The existing answer has the right idea, but I doubt you want to sum all of the values in size as nicogen has done.

I assume you were picking a relatively large size to demonstrate the shape in the histograms and instead you want to sum up one value from each category. e.g., we want to compute the sum of one instance of each activity, not 1000 instances.

The first code block assumes that you know your function is a sum and can therefore use fast numpy summing to compute the sum.

import numpy as np
import matplotlib.pyplot as plt

mc_trials = 10000

gym = np.random.choice([30, 30, 35, 35, 35, 35, 
                    35, 35, 40, 40, 40, 45, 45], mc_trials)
brush_my_teeth = np.random.choice([2], mc_trials)
argument = np.random.choice([0, 45], size=mc_trials, p=[0.9, 0.1])
dinner = np.random.normal(15, 5/3, size=mc_trials)
work = np.random.normal(45, 15/3, size=mc_trials)
shower = np.random.triangular(left=5, mode=9, right=10, size=mc_trials)

col_per_trial = np.vstack([gym, brush_my_teeth, argument,
           dinner, work, shower])

mc_function_trials = np.sum(col_per_trial,axis=0)

plt.figure()
plt.hist(mc_function_trials,30)
plt.xlim([0,200])
plt.show()

histogram

If you don't know your function, or can't easily recast is as a numpy element-wise matrix operation, you can still loop through like so:

def total_time(variables):
        return np.sum(variables)

mc_function_trials = [total_time(col) for col in col_per_trial.T]

You ask about obtaining the "probability distribution". Getting the histogram as we have done above doesn't quite do that for you. It gives you a visual representation, but not the distribution function. To get the function, we need to employ kernel density estimation. scikit-learn has a canned function and example that does this.

from sklearn.neighbors import KernelDensity
mc_function_trials = np.array(mc_function_trials)
kde = (KernelDensity(kernel='gaussian', bandwidth=2)
       .fit(mc_function_trials[:, np.newaxis]))

density_function = lambda x: np.exp(kde.score_samples(x))

time_values = np.arange(200)[:, np.newaxis]
plt.plot(time_values, density_function(time_values))

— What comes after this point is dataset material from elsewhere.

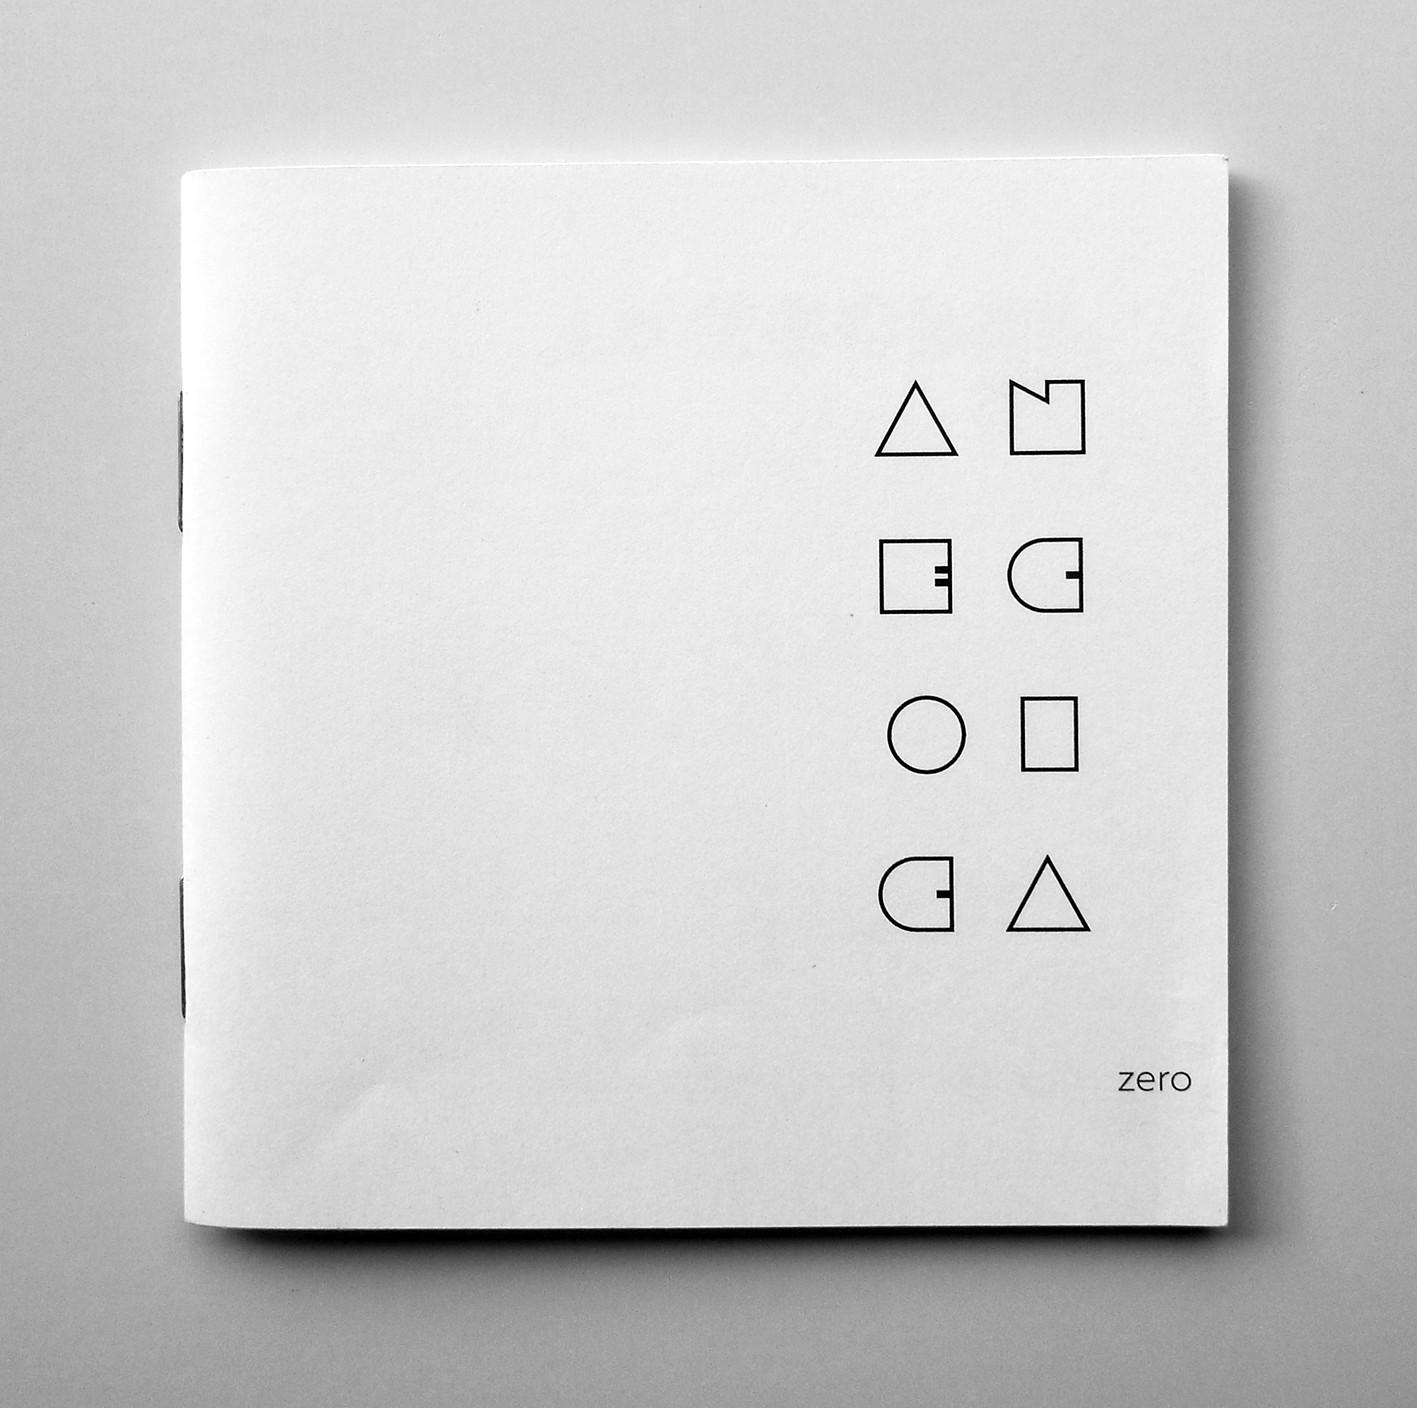 anecoica2014-capa-pb.jpg

enter image description here

Now you can compute the probability of the sum being less than 100, for instance:

import scipy.integrate as integrate
probability, accuracy = integrate.quad(density_function, 0, 100)
print(probability)
# prints 0.15809
Bob Baxley
  • 3,551
  • 1
  • 22
  • 28
2

Have you tried with a simple for loop? First, define your constants and function. Then, run a loop n times (10'000 in the example), drawing new random values for the variables and calculating the function result each time. Finally, append all results to results_dist, then plot it.

import numpy as np
import matplotlib.pyplot as plt

gym = [30, 30, 35, 35, 35, 35, 35, 35, 40, 40, 40, 45, 45]
brush_my_teeth = 2
size = 1000

def total_time(variables):
    return np.sum(variables)

results_dist = []
for i in range(10000):
    shower = np.random.triangular(left=5, mode=9, right=10, size)
    argument = np.random.choice([0, 45], size, p=[0.9, 0.1])
    dinner = np.random.normal(mu=15, sigma=5/3, size)
    work = np.random.normal(mu=45, sigma=15/3, size)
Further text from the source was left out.